→ What the task asks: Within the entries below, output exactly the lines between the line containing "Scully Women's Chambray" and the line containing "Back Lace Up Cami Top", inclusive, and omit any picture.

→ Source information:
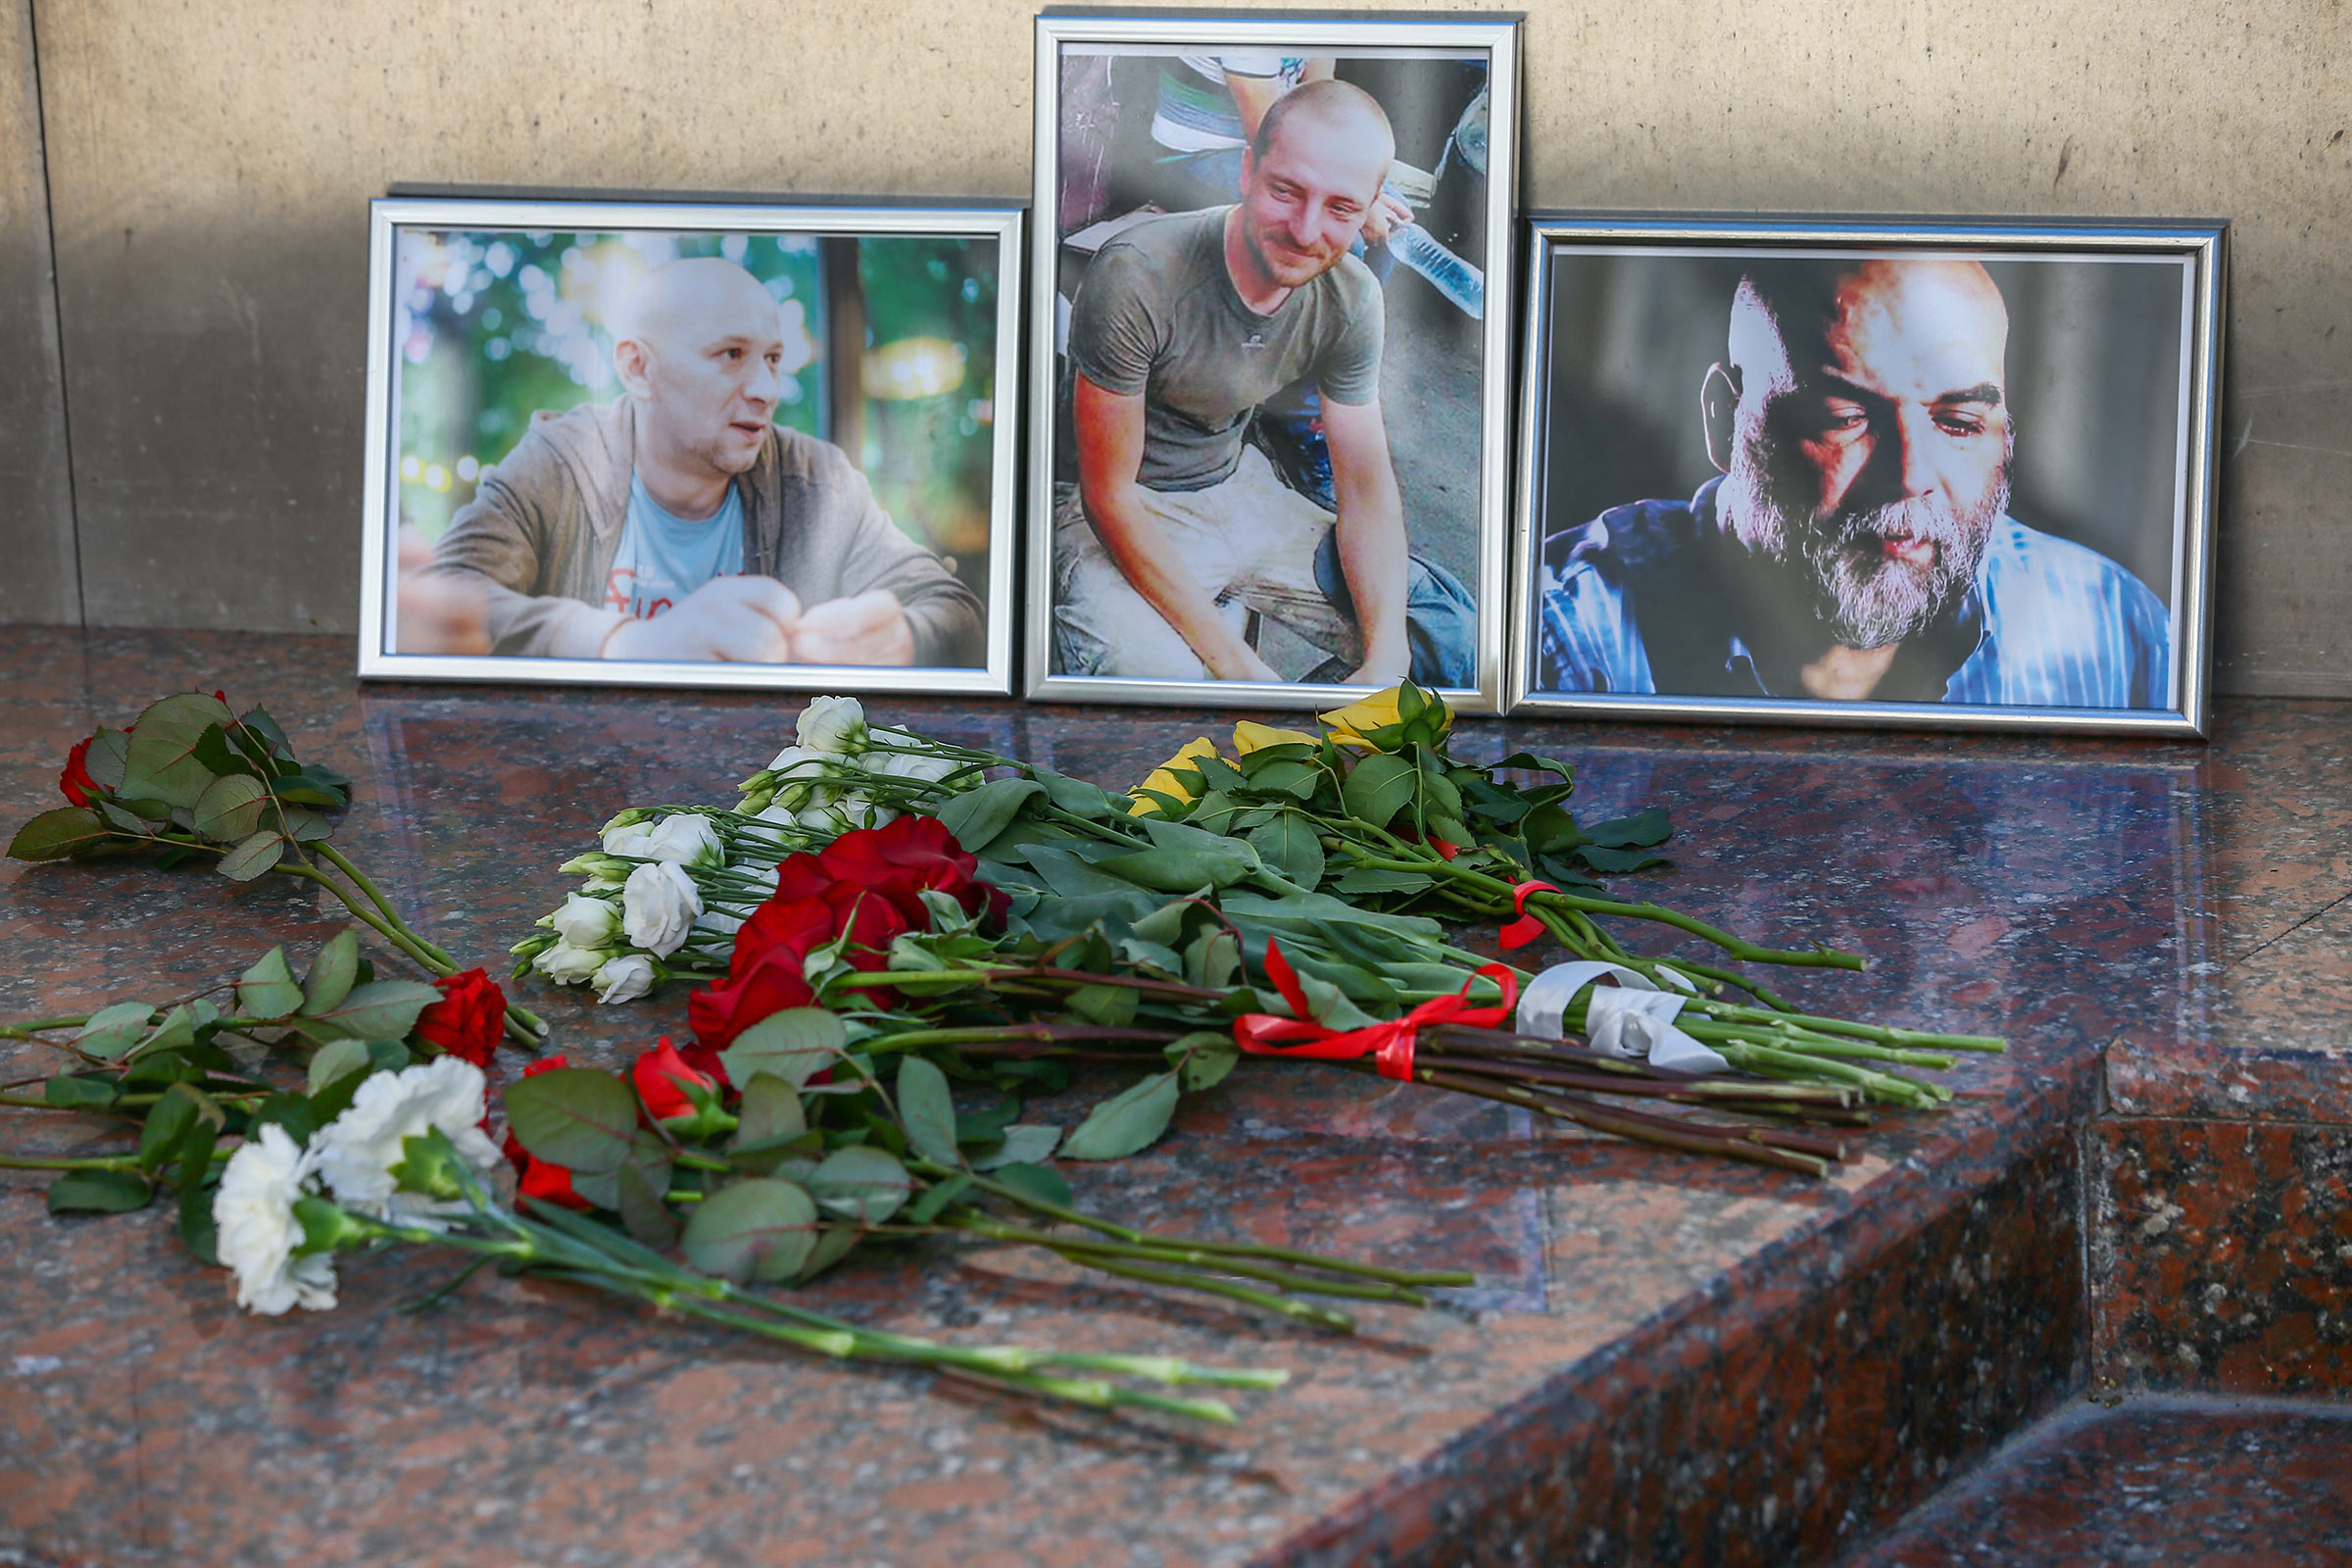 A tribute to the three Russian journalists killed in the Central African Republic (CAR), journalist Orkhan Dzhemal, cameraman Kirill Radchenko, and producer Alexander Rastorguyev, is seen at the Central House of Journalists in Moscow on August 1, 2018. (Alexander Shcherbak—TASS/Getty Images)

---

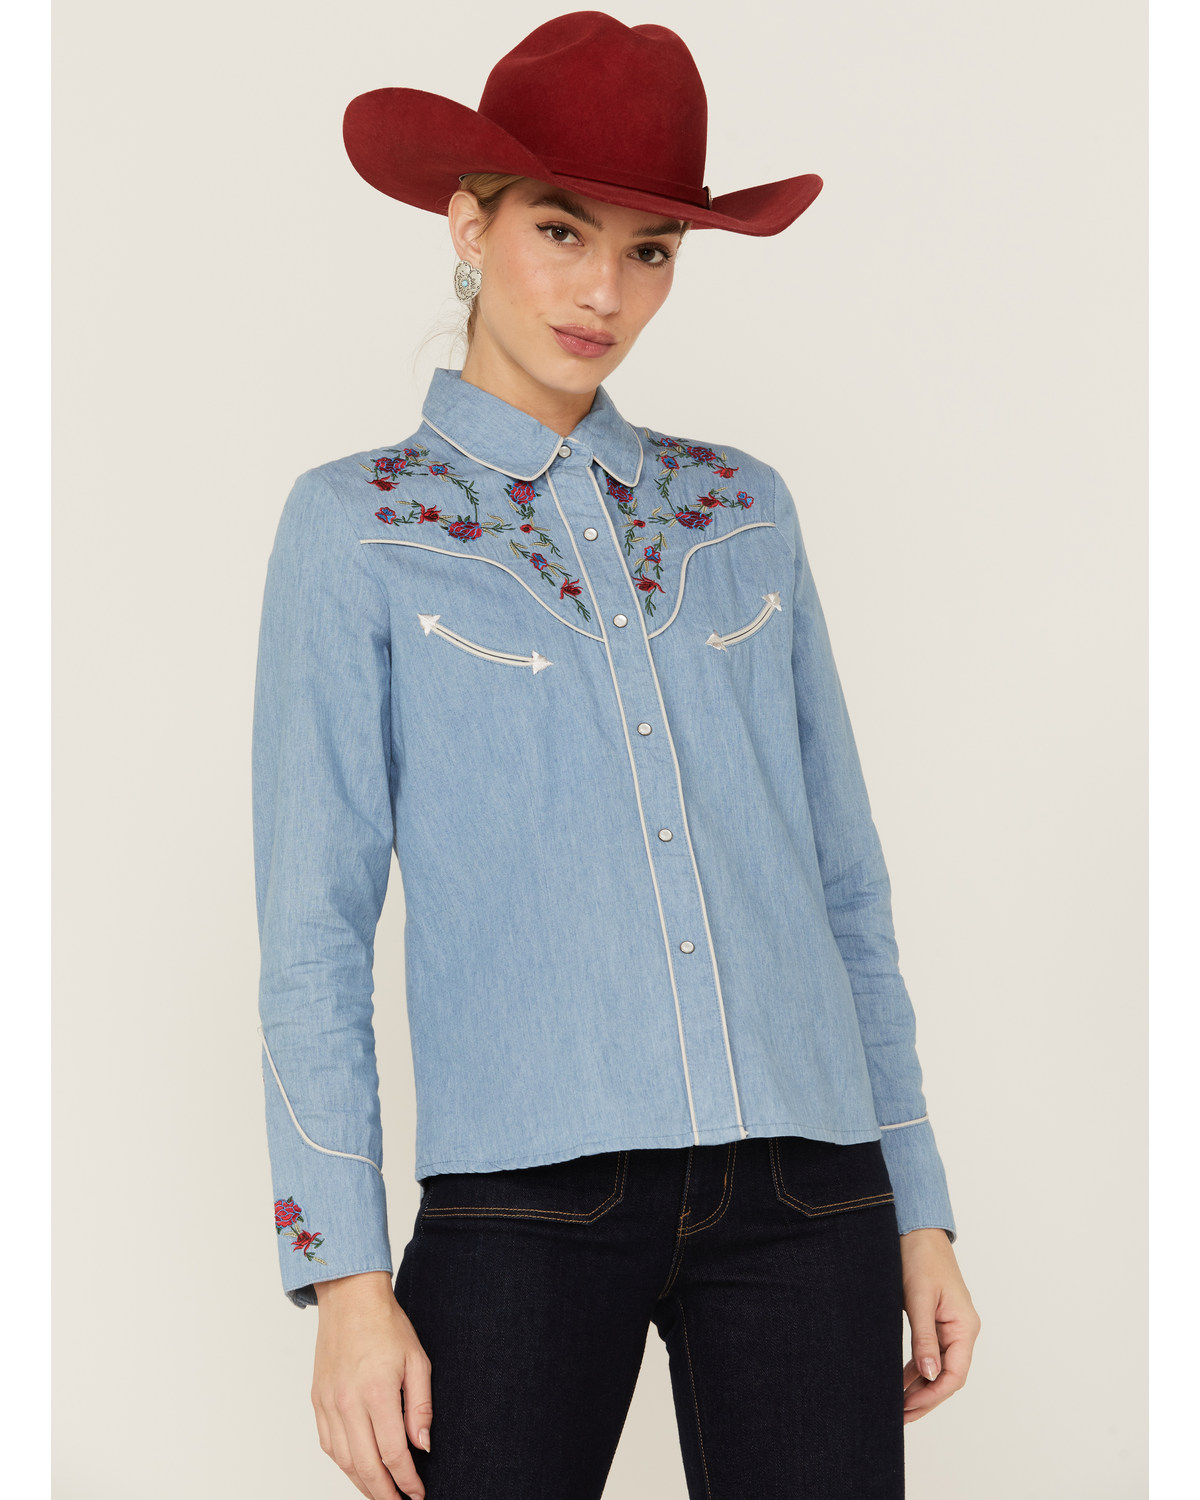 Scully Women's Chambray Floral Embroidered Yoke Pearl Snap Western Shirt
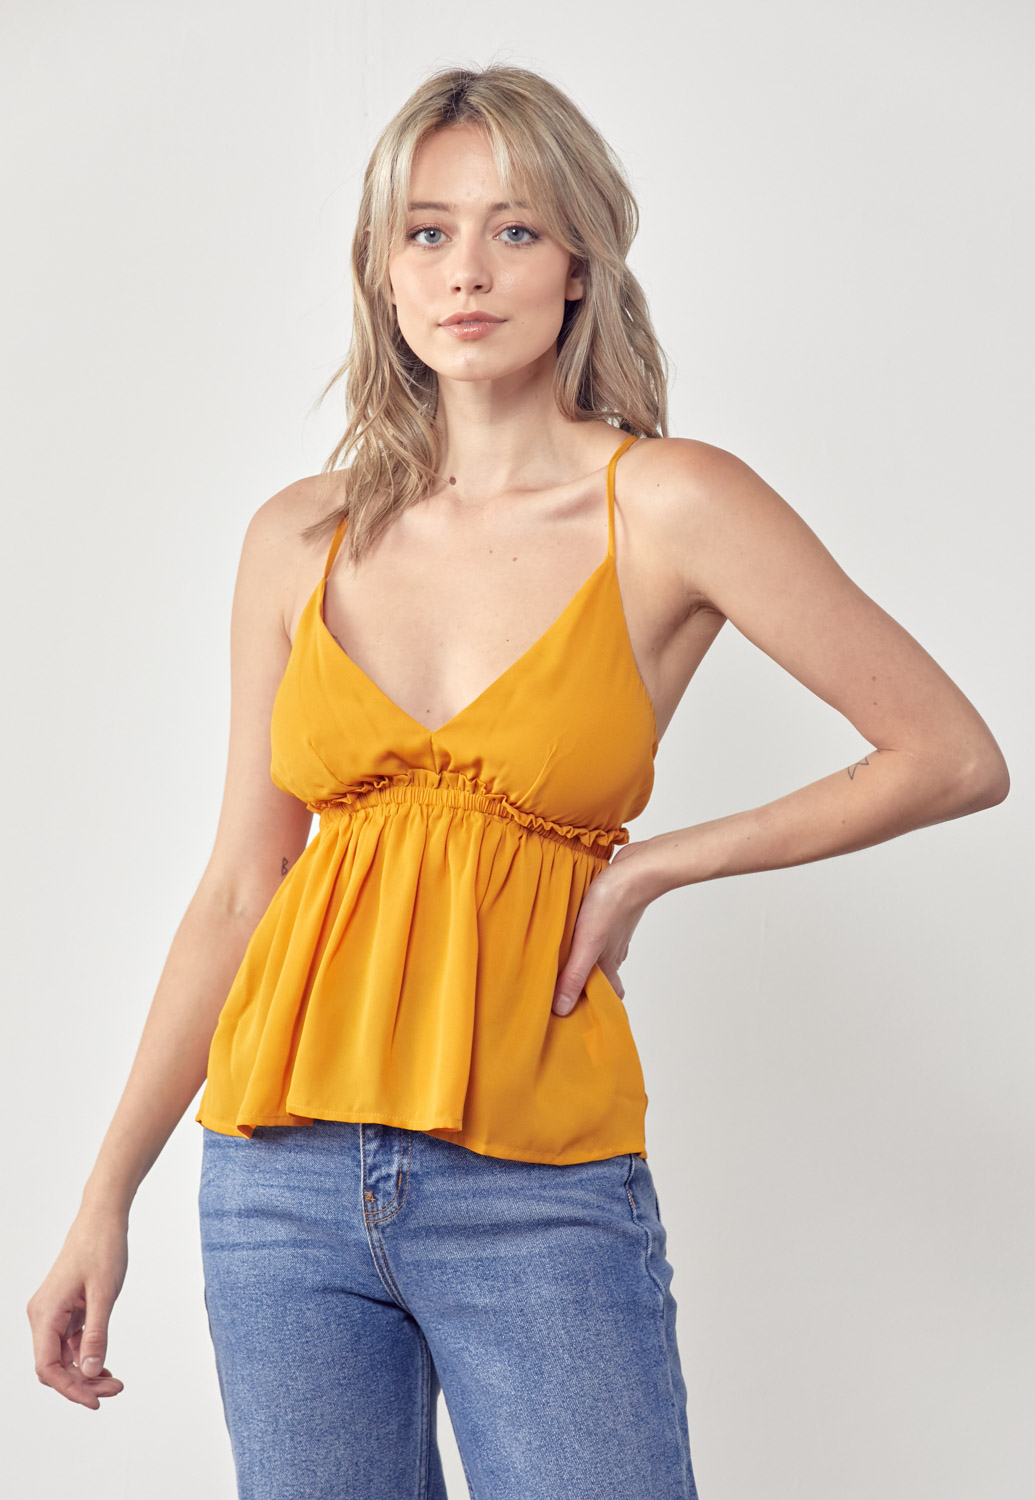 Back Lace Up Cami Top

→ Output for this task:
 Scully Women's Chambray Floral Embroidered Yoke Pearl Snap Western Shirt
 Back Lace Up Cami Top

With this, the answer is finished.